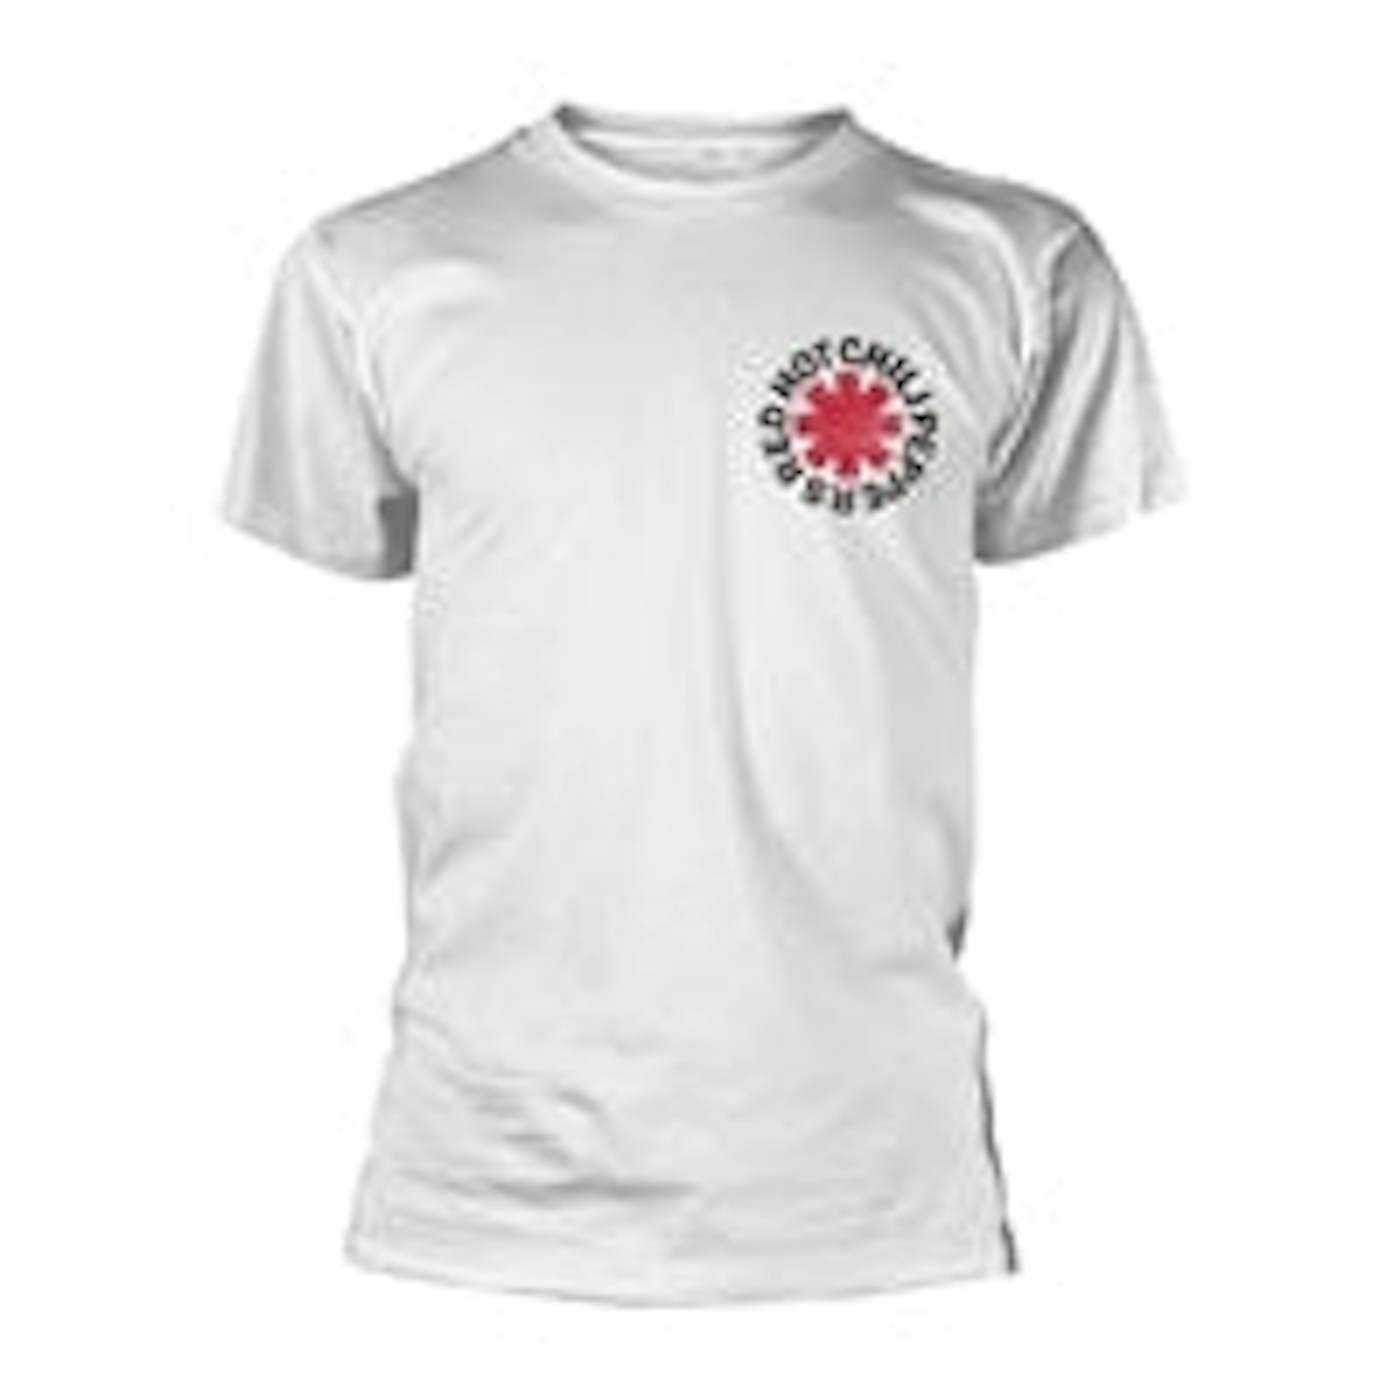 Red Hot Chili Peppers T Shirt - Worn Asterisk
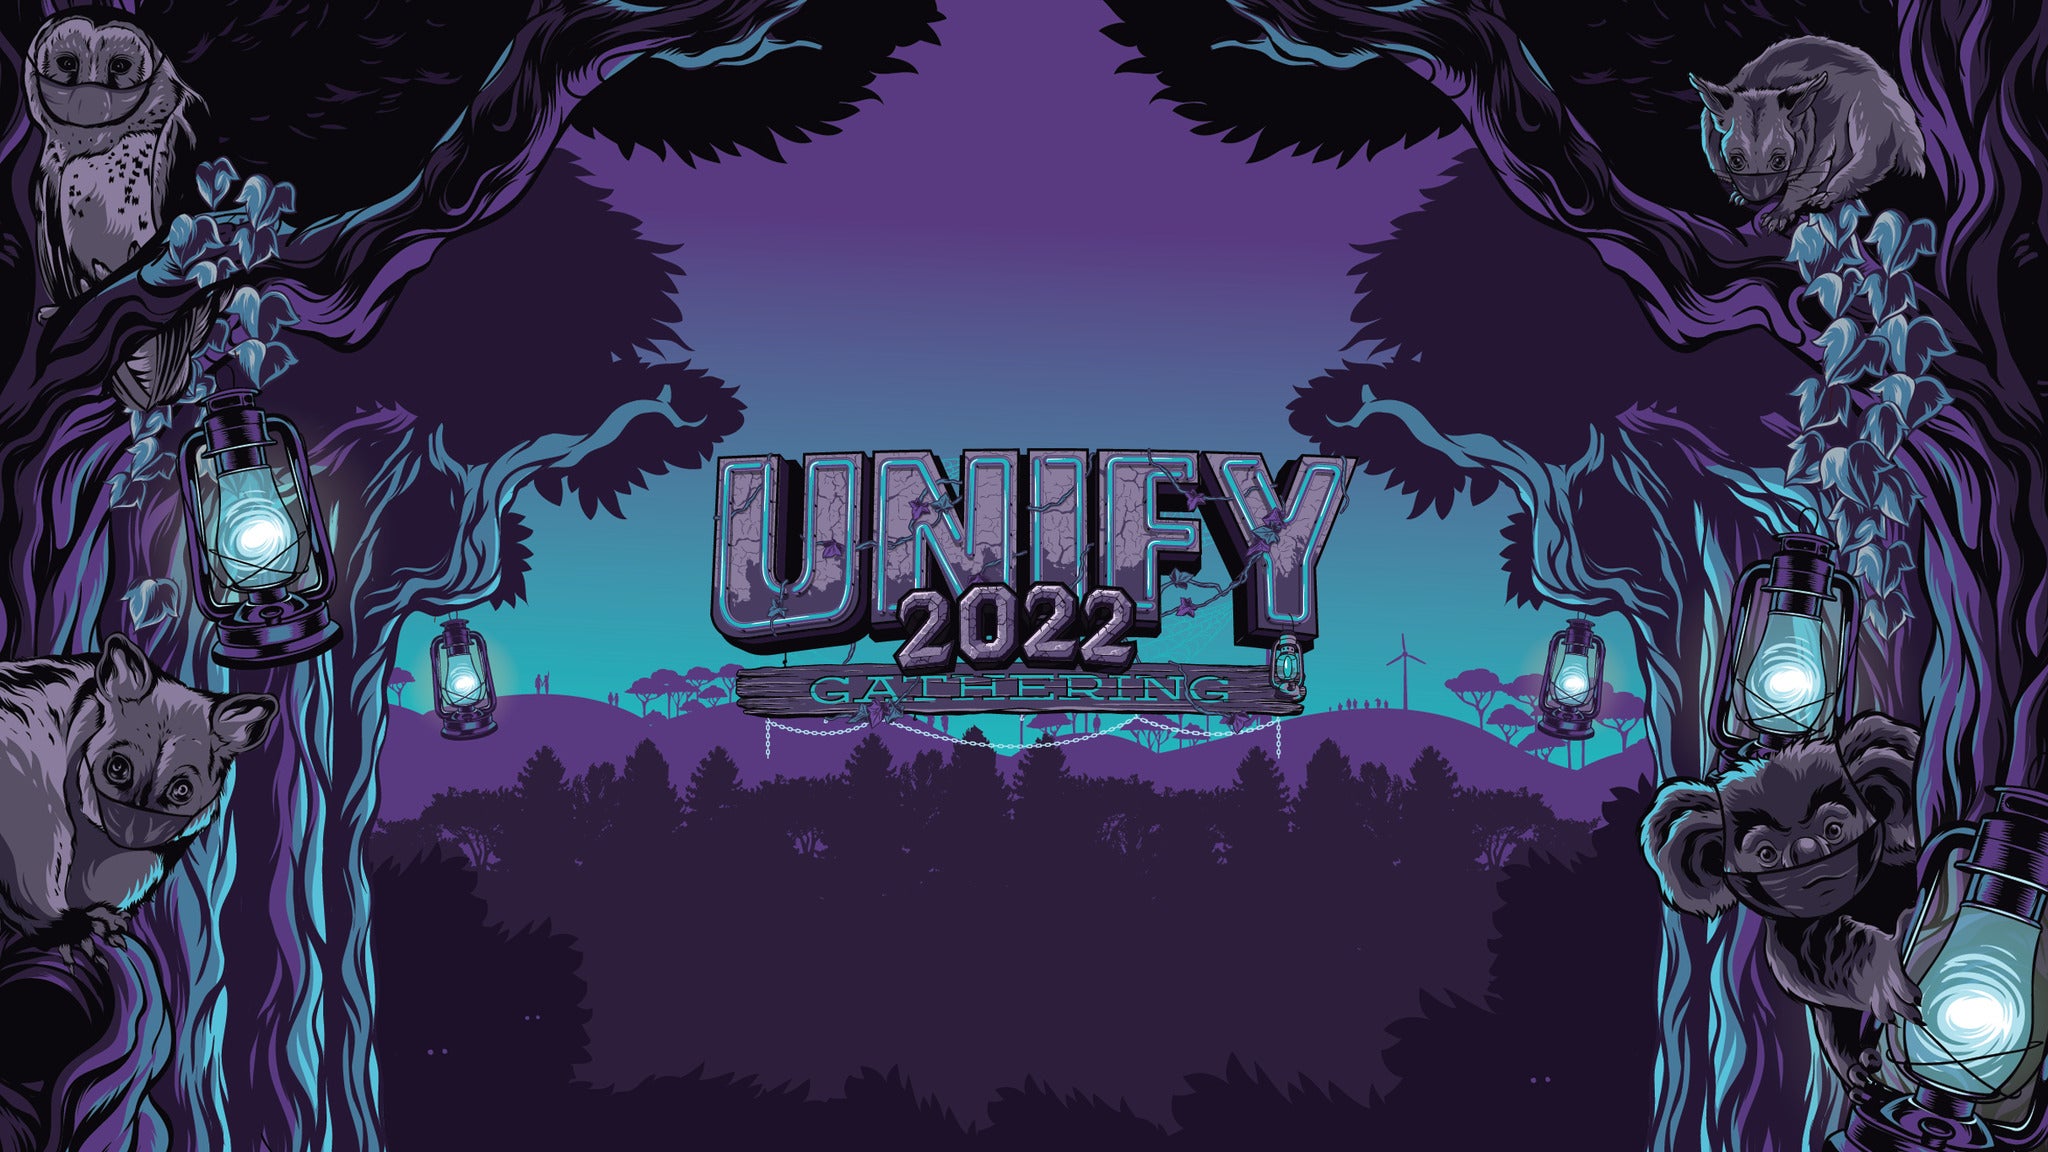 Image used with permission from Ticketmaster | UNIFY Gathering tickets
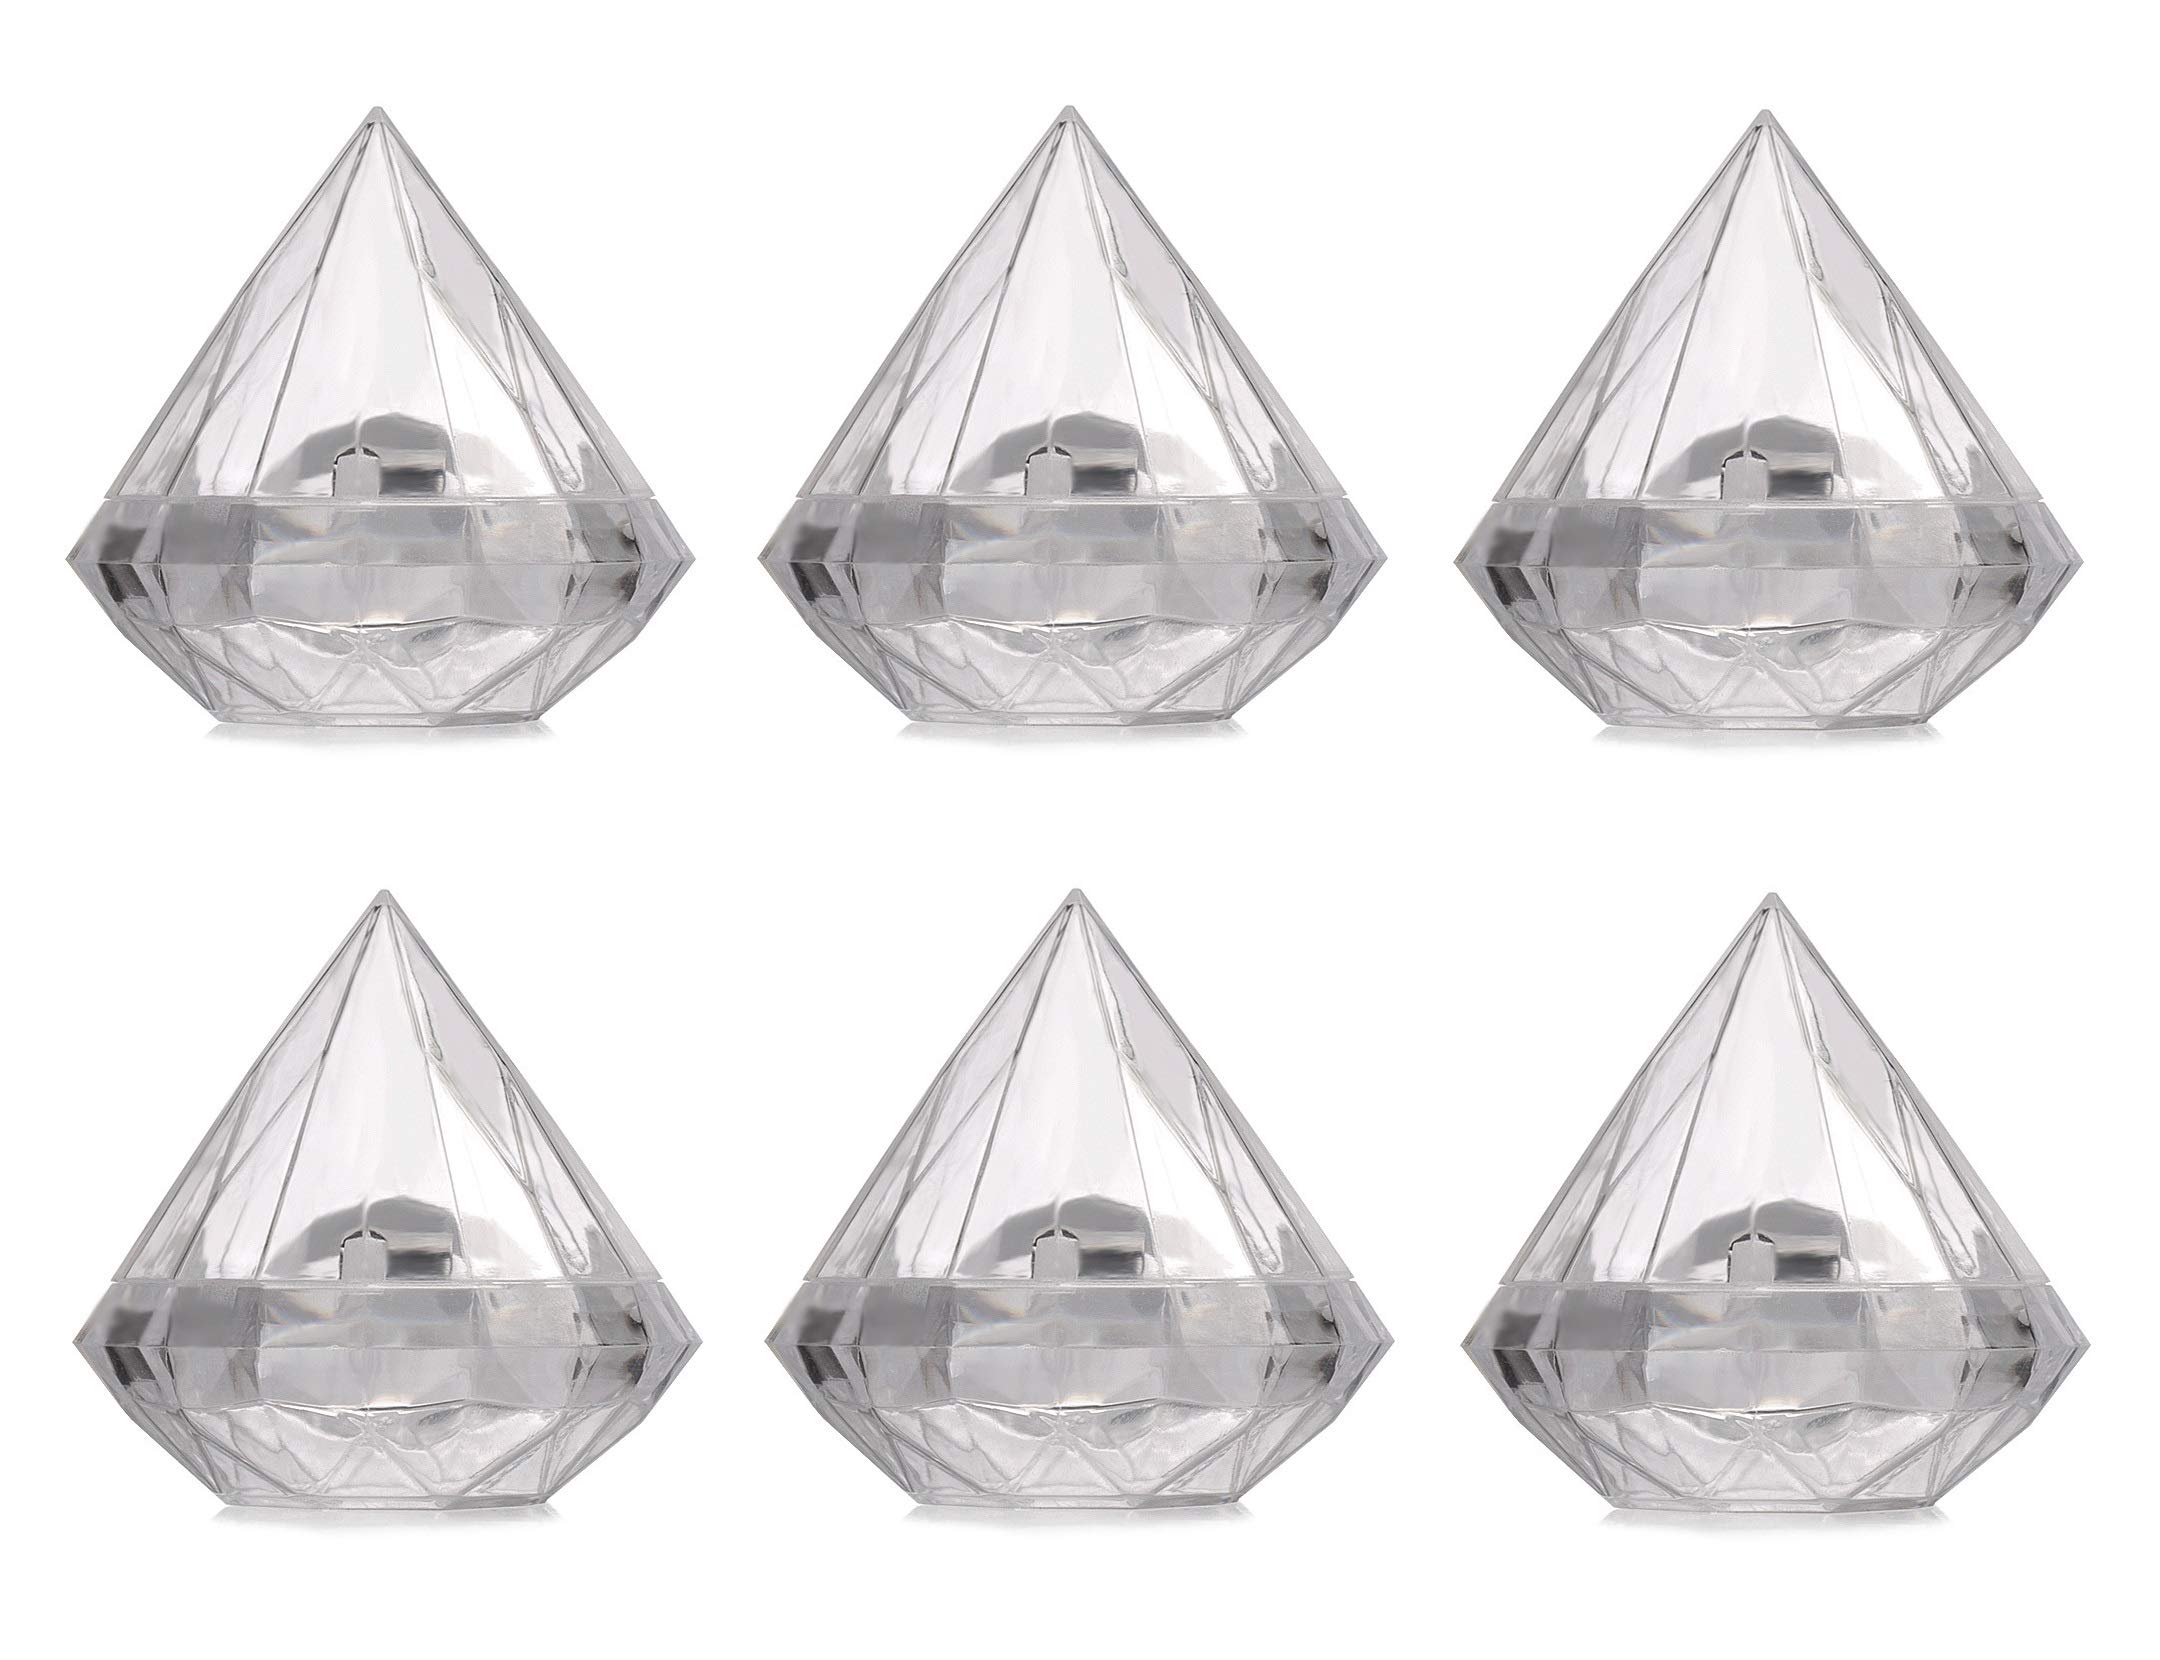 6 Pack Clear Diamond Shape Ornaments - Clear Plastic Fillable Ornaments - Christmas Fillable Ornaments, Bath Bomb Ornaments, Hollow Ornaments for Wedding Party Decoration, Craft Art, Holiday (9CM)

Problem to solve:
Leaving every picture out, please copy exactly the lines from the one holding "Image used with" through the last line of the listing, both ends included.

Answer below:
 Image used with permission from Ticketmaster | UNIFY Gathering tickets
 6 Pack Clear Diamond Shape Ornaments - Clear Plastic Fillable Ornaments - Christmas Fillable Ornaments, Bath Bomb Ornaments, Hollow Ornaments for Wedding Party Decoration, Craft Art, Holiday (9CM)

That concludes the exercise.